**TASK PROMPT**
Repeat only the lines below that run from the line with "DIY Creative Hanging Picture Frame" to the line with "Months' supply for", ends included; skip every picture.

**SOURCE RECORDS**
══════════════════════════════

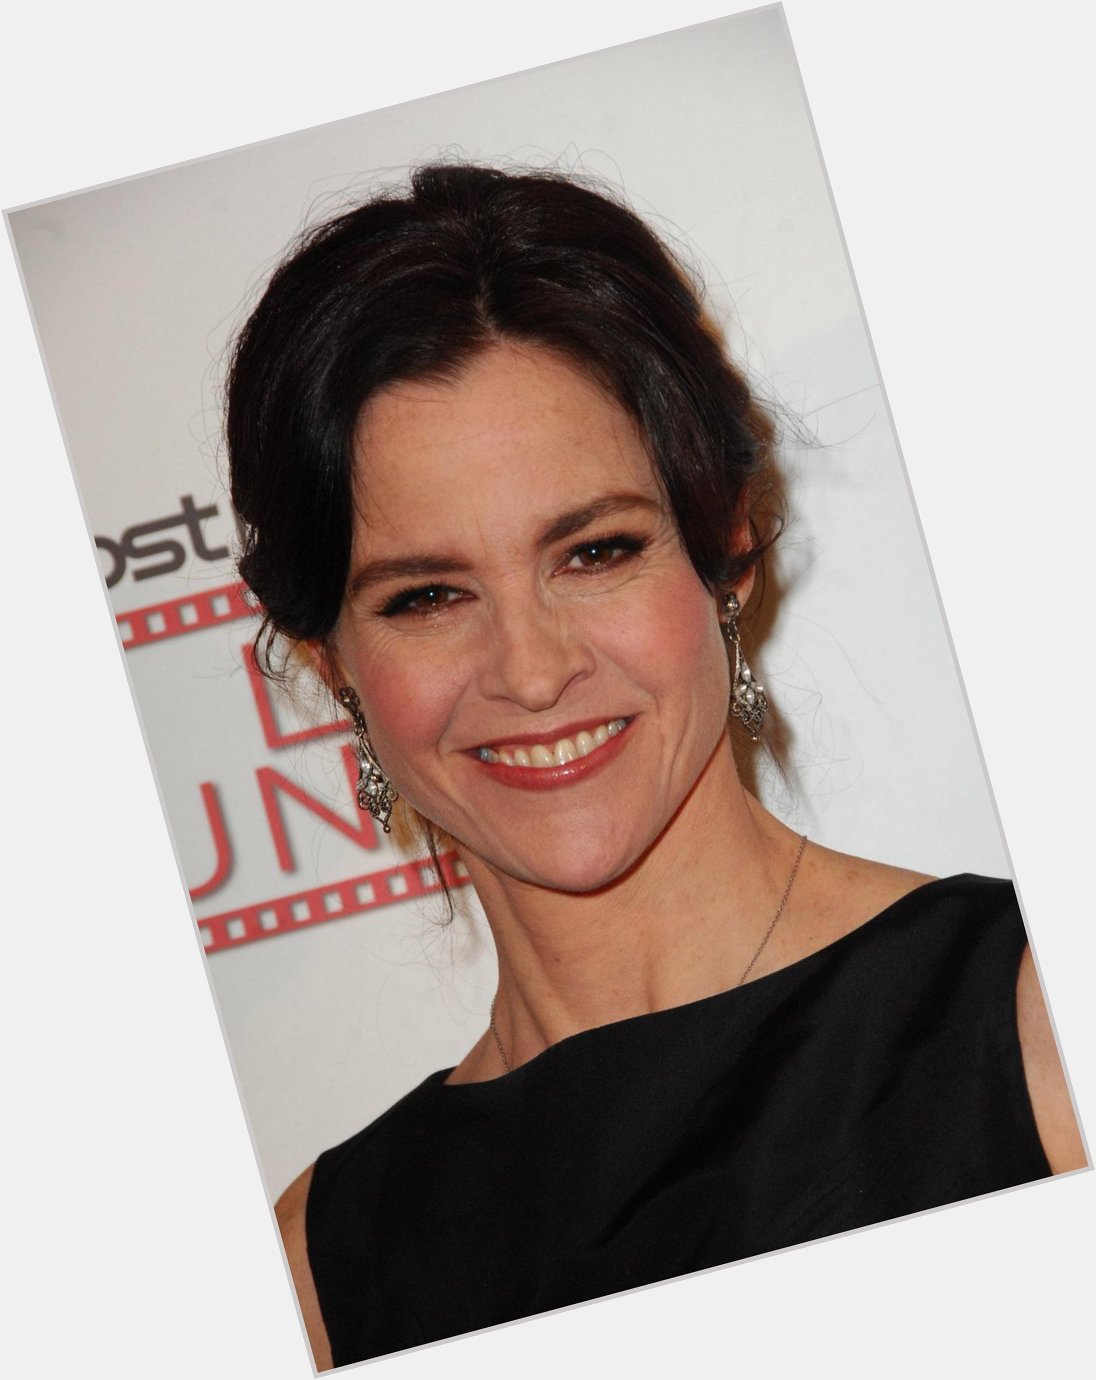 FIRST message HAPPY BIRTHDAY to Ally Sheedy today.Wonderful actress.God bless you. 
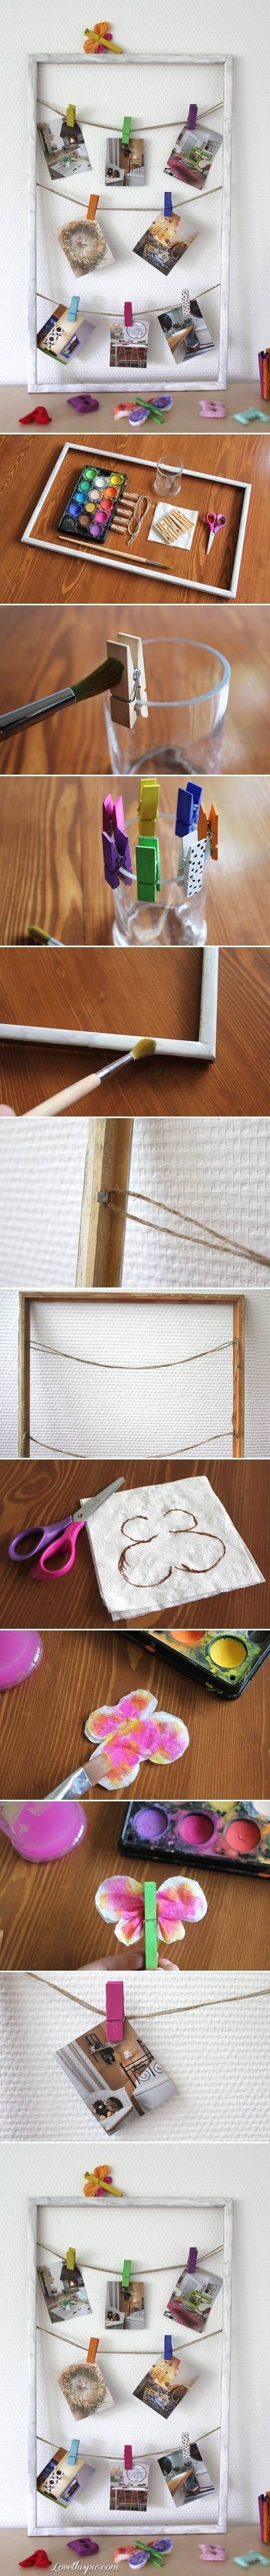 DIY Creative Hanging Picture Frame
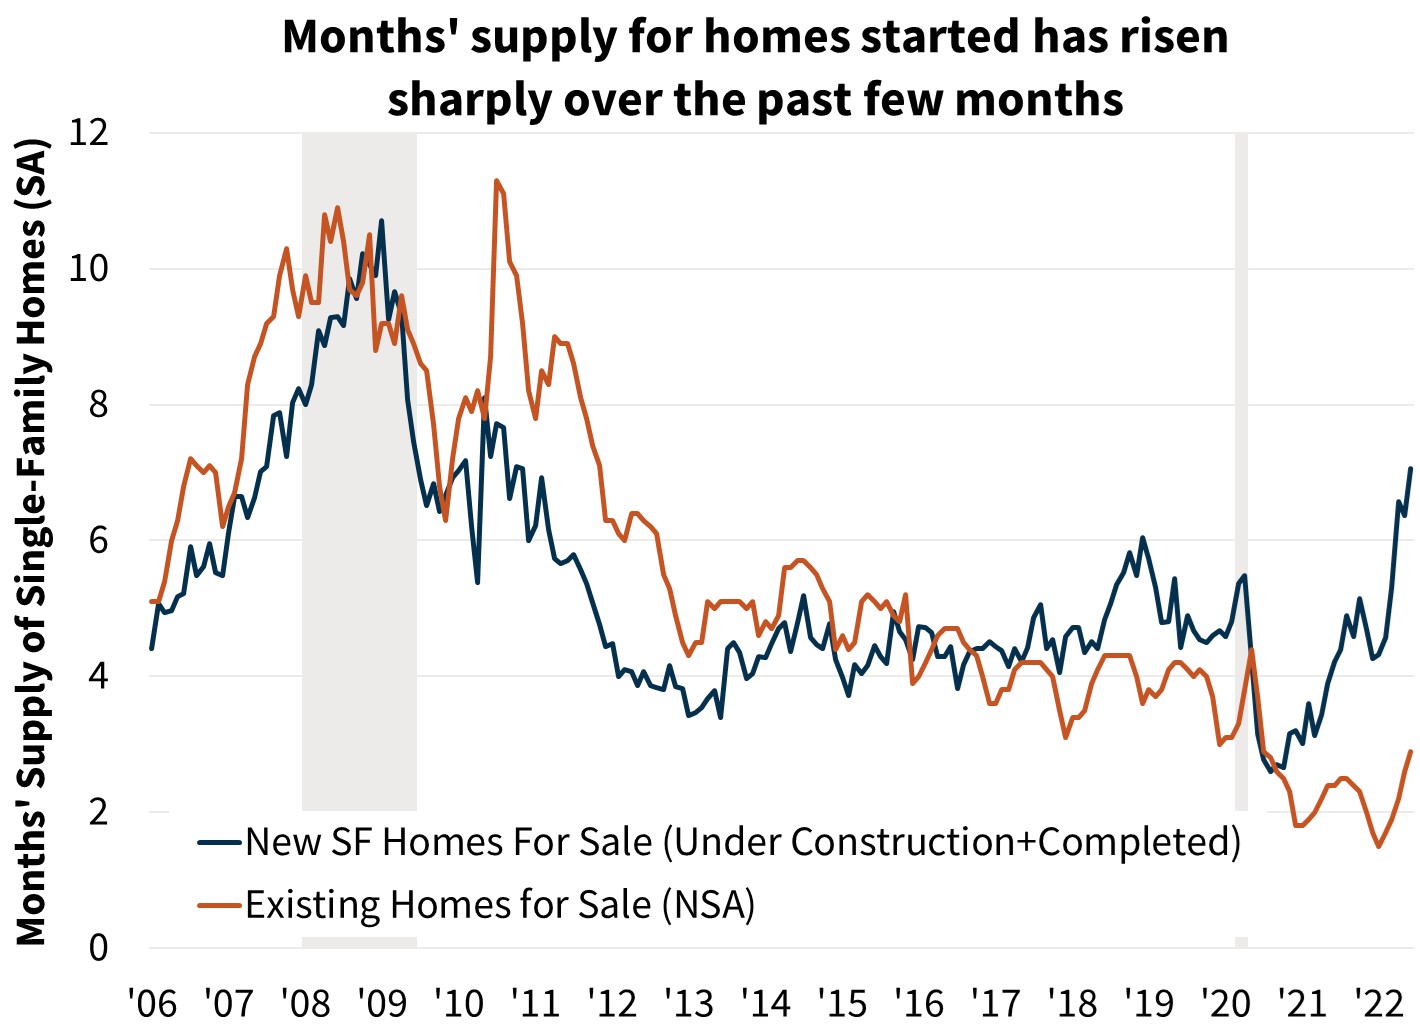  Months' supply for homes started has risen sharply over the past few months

══════════════════════════════

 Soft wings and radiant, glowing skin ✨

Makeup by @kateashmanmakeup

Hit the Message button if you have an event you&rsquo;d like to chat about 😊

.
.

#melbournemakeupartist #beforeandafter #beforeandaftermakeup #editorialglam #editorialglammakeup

══════════════════════════════

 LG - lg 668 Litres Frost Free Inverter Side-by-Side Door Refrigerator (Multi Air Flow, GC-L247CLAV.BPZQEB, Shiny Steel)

══════════════════════════════

**SOLUTION FOR THIS TASK**
 DIY Creative Hanging Picture Frame
  Months' supply for homes started has risen sharply over the past few months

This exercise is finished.